The outsider advantage: how extrachromosomal DNA fuels cancer

A basic tenet of biology is that our DNA is stored in chromosomes, that familiar grid of Xs (and sometimes Ys) containing all the instructions for the creation and maintenance of a human body. Another tenet of biology is that all rules have exceptions. As early as the 1960s, a group of scientists began noticing extra little rings of DNA in cancer cells. They called these “double minutes”—“double” because the rings were found in pairs, and “minute” because they were minuscule—and deemed them a rare and likely insignificant exception to the rule.

Sixty years later, a series of groundbreaking discoveries has quashed this premature assumption. Extrachromosomal DNA (ecDNA), we now know, is neither rare nor insignificant in cancer, and it plays by an entirely different set of rules.

At the forefront of these discoveries has been former Damon Runyon Scholar Howard Y. Chang, MD, PhD, and his lab at Stanford (from which he is currently on leave, having accepted the position of Chief Scientific Officer at Amgen last year). In 2018, Dr. Chang’s lab was studying chromatin, the packaging material that allows two meters of DNA to fit into a cell’s nucleus. Because our DNA is packed so tightly, much of our genome is not accessible to the cell’s transcription machinery, which allows genes to be “expressed.” Consider a manual that is stapled closed—the instructions are all there, but no one can read them, much less execute them. To identify which parts of our genome are expressed, Dr. Chang’s lab developed a sequencing tool that signals where the chromatin packaging is “open.” To their surprise, the most readily accessible DNA was not located on our chromosomes at all. The loudest “transcribe me!” signal, they found, was coming from ecDNA.

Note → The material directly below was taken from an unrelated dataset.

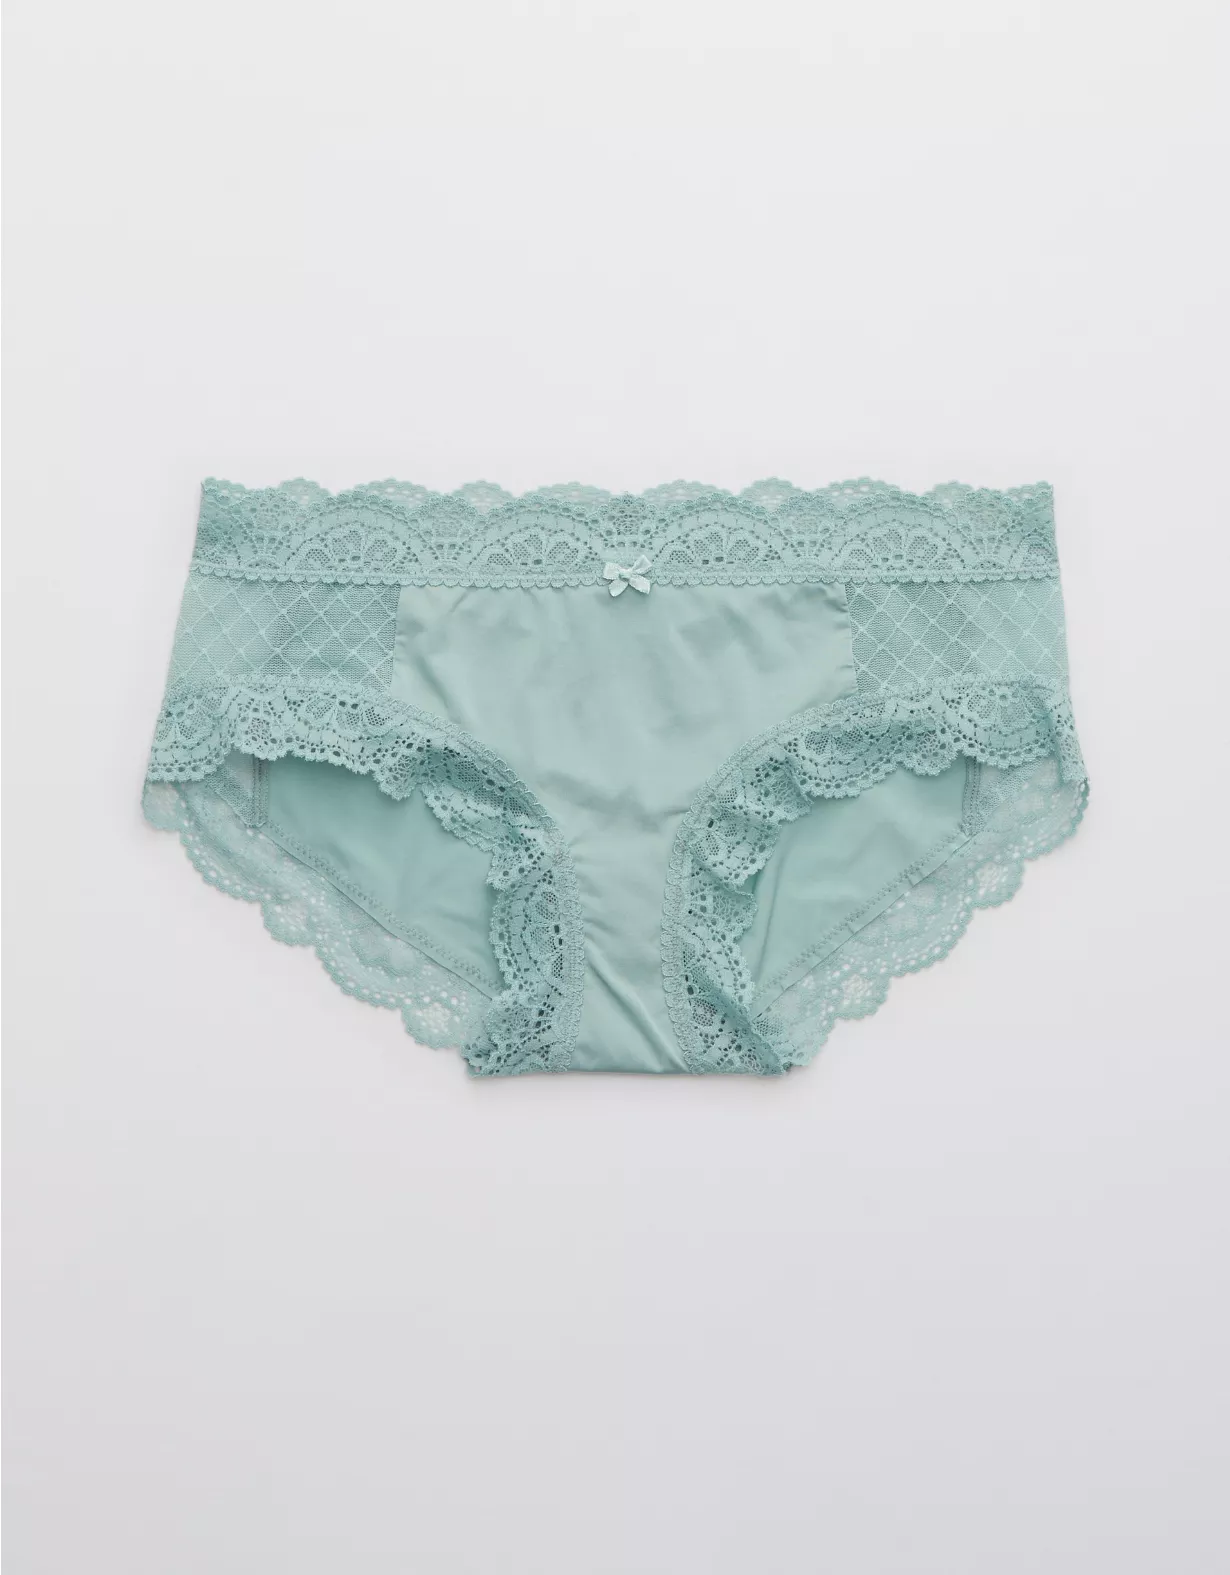 Aerie Slumber Party Lace Shine Boybrief Underwear

Around the time of this discovery, a scientist from the University of California, San Diego, came to Stanford to present his work. In his lab at UCSD, Paul S. Mischel, MD, had been tracing cancer-causing genes to their location within the genome, and he, too, had been surprised by his findings. Contrary to the popular conception that one or two percent of tumors contained ecDNA, Dr. Mischel was tracing oncogenes back to these little rings in about a third of all tumors—and some of the most well-known oncogenes, including EGFR, KRAS, and MYC, were found on ecDNA half the time.

Sitting in the audience, Dr. Chang’s hunch grew more certain: ecDNA played a far bigger role in cancer than anyone realized. He invited Dr. Mischel to his office that very afternoon.

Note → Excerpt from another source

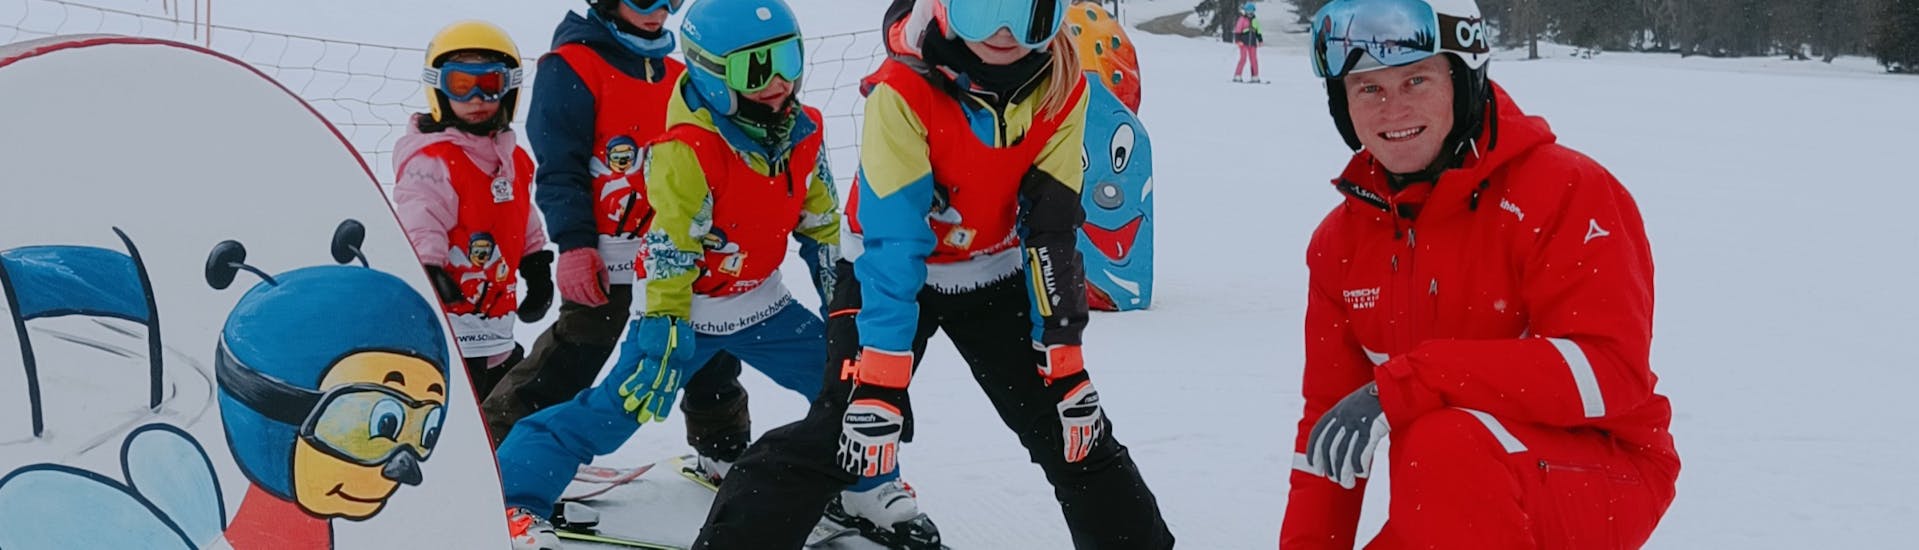 Lezioni di sci per bambini a partire da 4 anni per avanzati con Skischule Kreischberg - Mayer.

Their first joint paper, in 2019, showed that ecDNA gives cancer cells more than just a place to store copies of their tumor-fueling genes. In addition to causing a “copy number problem,” as this hypothesis suggests, these rings bestow a gene expression advantage: every copy of an extrachromosomal DNA sequence generates four times the messenger RNA as the exact same sequence on a chromosome.

“Imagine that we’re in an argument,” Dr. Chang explains. “And for every sentence you say, I get to say four sentences. I would probably end up winning that argument, right? That’s what the cancer cell is doing by invoking this extrachromosomal DNA mechanism.”

By the time Damon Runyon Fellow Xiaowei Yan, PhD, joined the Chang lab in 2021, the phenomenon of ecDNA had caught the attention of cancer researchers around the world. Dr. Yan was eager to join the rapidly developing investigation of “double minutes,” as she first heard them termed.

“They were mentioned on one page of my genetics textbook in school,” she recalls. “I remember thinking, what a concept, but there was no more information about it.”

Dr. Yan arrived with expertise in microscopy technology, with which she studies the spatial organization of molecules inside cells. Using these skills, she helped the Chang lab observe and track ecDNA dynamics in live cells. This led to the discovery of yet another advantage ecDNA grants cancer cells—namely, exemption from the laws of genetics.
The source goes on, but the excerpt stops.